Metadata-Version: 2.1
Name: scrapy-tor-proxy-rotation
Version: 0.0.3
Summary: IP Rotator for Scrapy via Tor
Home-page: https://github.com/elvesrodrigues/scrapy-tor-proxy-rotation
Author: Elves M. Rodrigues
Author-email: elvesmateusrodrigues@gmail.com
Classifier: Programming Language :: Python :: 3
Classifier: License :: OSI Approved :: MIT License
Classifier: Operating System :: Unix
Requires-Python: >=3.6
Description-Content-Type: text/markdown
License-File: LICENSE

# scrapy-tor-proxy-rotation
The purpose of this module is to allow rotation of IPs to [Scrapy](https://scrapy.org/) via Tor.

## Installation

Simple way to install, via **pip**:

```bash
pip install scrapy-tor-proxy-rotation
```

## Configuring Tor

You need to configure **Tor**. First, install it:

```bash
sudo apt-get install tor
```

Stop its execution to perform configuration:

```bash
sudo service tor stop
```

Open your configuration file as root, available at `/etc/tor/torrc`, for example using nano:

```bash
sudo nano /etc/tor/torrc
```

Insert the lines below and save:

```
ControlPort 9051
CookieAuthentication 0
```

Restart Tor:

```bash
sudo service tor start
```

You can check your machine's IP and compare it with Tor's by doing the following:

- To see your machine's IP:
    ```bash
    ```bash
    curl http://icanhazip.com/
    ```
- To see Tor's IP:
    ```bash
    torify curl http://icanhazip.com/   
    ```

Tor proxies are not supported by Scrapy. To get around this problem, it is necessary to use an intermediary, in this case **[Privoxy](https://www.privoxy.org/)**.

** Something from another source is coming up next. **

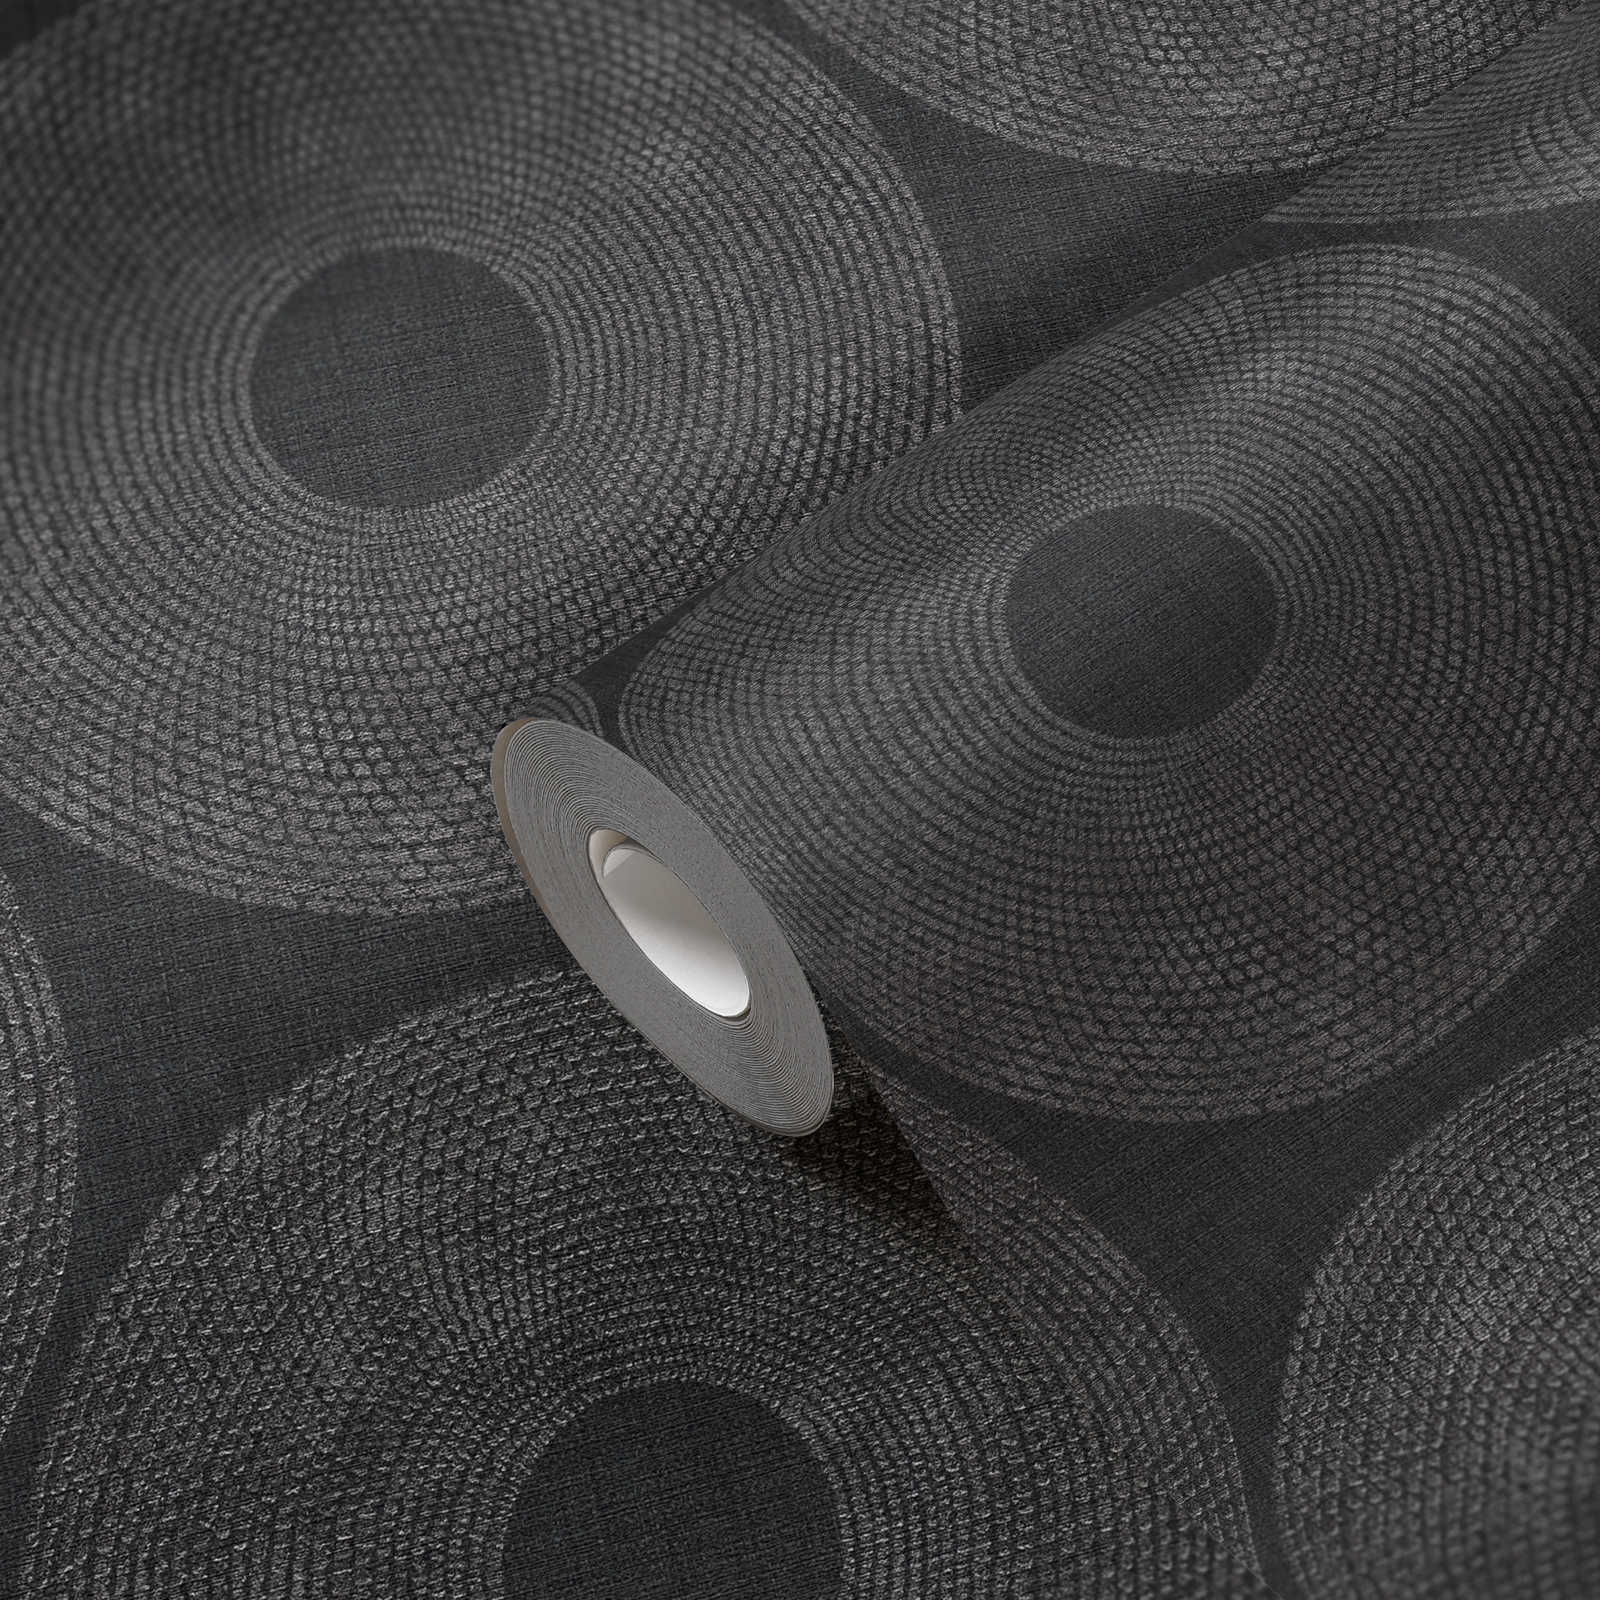             Papel pintado Ethno círculos con diseño de estructura - gris, metálico

> The Tor proxy server is by default at 127.0.0.1:9050

## Installing and configuring **Privoxy**:
- Install: 
    ```bash
    sudo apt install privoxy
    ```
- Stop its execution:
    ```bash
    sudo service privoxy stop
    ```
- Configure it to use TOr, open its configuration file:
    ```bash
    sudo nano /etc/privoxy/config
    ```
- Add the following lines:
    ```bash
    forward-socks5t / 127.0.0.1:9050 .
    ``` 
- Start it up: 
    ```
    service privoxy start
    ```

> By default, privoxy will run at the address 127.0.0.1:8118 

Test: 
```bash
torify curl http://icanhazip.com/
```
```bash
curl -x 127.0.0.1:8118 http://icanhazip.com/
```

The IP shown in the two steps above must be the same.

## How to use

After you have made these settings, you can now integrate Tor with Scrapy.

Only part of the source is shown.